It’s hard to put your finger on why, but the voices our computers use to speak just sound wrong. Even with the best voice programming, like Amazon’s Alexa or Apple’s Siri, computers sound–well–robotic when they talk. But that could change soon. Neural networks are now tackling the problem of making computer speech sound more natural, filling sentences with nonverbal sounds like lip smacks, breath intakes, and irregular pauses.
DeepMind, an Alphabet-owned world leader in artificial intelligence research, recently published a blog post about WaveNet, a convolutional neural network (like DeepDream) that can reduce the performance gap between computer and human speech by about 50%, researchers say. In other words, in blind opinion tests on how good WaveNet’s speech sounded compared to humans, it did significantly better than other text-to-speech methods. But how?
As the DeepMind team explains in their post, most computer voices, like Siri’s, are made up of huge databases of recorded speech fragments, recorded from a single speaker and then recombined by a computer to form sentences. This gives decent results, but has drawbacks. The initial databases are expensive and time-consuming to construct, and can’t be modified without recording a new database from scratch. That’s why, incidentally, you only hear so many computer voices out there. Apple can’t just program Siri to, say, speak with a sexy James Bond accent. The company would have to record hundreds of hours of someone who spoke with that accent first. This approach also contributes to computer speech’s uncanny valley problem, creating mostly accurate computer voices that still feel somehow *wrong*, and therefore repulsive, to our human ears. Unlike a human, no matter how many times a computer says a word, it will always say it with the exact same pronunciation and cadence.
Here’s where WaveNet comes in. By feeding Google’s own voice database–the ones used in OK Google–into a neural network, DeepMind was able to train WaveNet to actually recreate the sounds it needs to make up a sentence, with millions of incredibly slight variations. If that confuses you, think of it this way: Whereas most computers speak by piecing together blocks of prerecorded sounds, DeepMind essentially remembers those sounds and says them out loud when it needs to use them. It’s a key difference that makes WaveNet’s text-to-speech samples sound more natural than even industry leaders, like Google’s. Compared to the usual method, WaveNet’s computers talk in a more flowing, regular cadence. Take this sample sentence: “The Blue Lagoon is a 1980 American romance film directed by Randall Kleiser.” Compared to WaveNet, Google’s default attempts to say this sentence make each individual syllable of this sentence sound as if there’s an air gap between them. WaveNet, on the other hand, glides from phoneme to phoneme, like a human. Seriously, check it out for yourself.

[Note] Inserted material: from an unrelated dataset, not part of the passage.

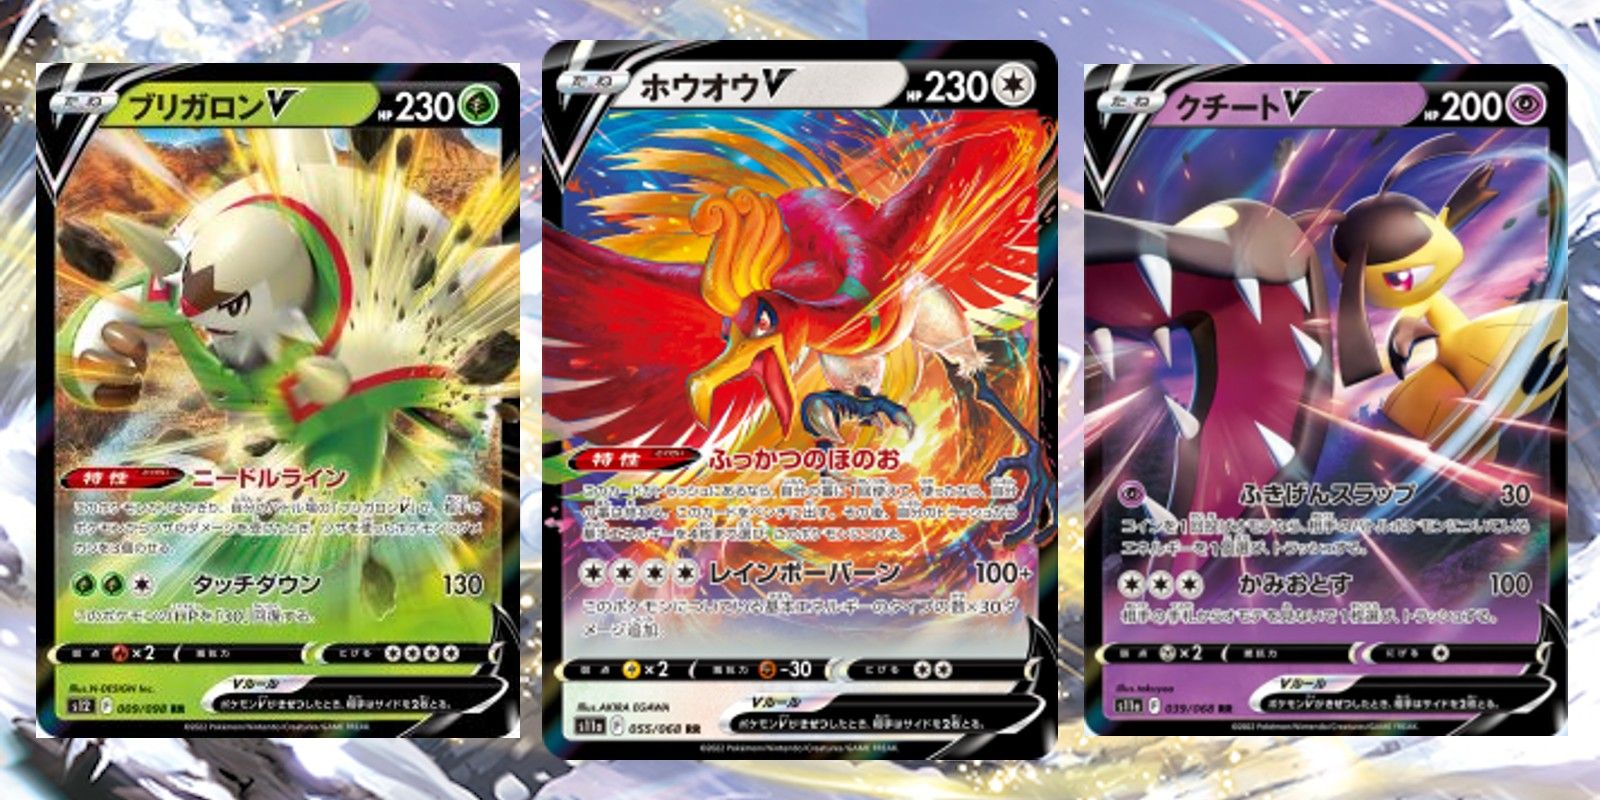 Pokémon TCG: Every V, VMAX, & VSTAR Card In Silver Tempest

Movies like Spike Jonze’s Her or even 2001: A Space Odyssey present a future in which talking to a computer is as natural as talking to a human, but the truth is, despite our natural instinct to anthropomorphize our computers, most of us find it frustrating to interact with our UIs through speech. It’s early days yet, but it’s easy to see how approaches like WaveNet could make virtual assistants sound more natural–starting with Google’s own. Given DeepMind and Google are both owned by Alphabet, don’t be surprised if these improvements start rolling out to Google’s text-to-speech functionality sooner rather than later.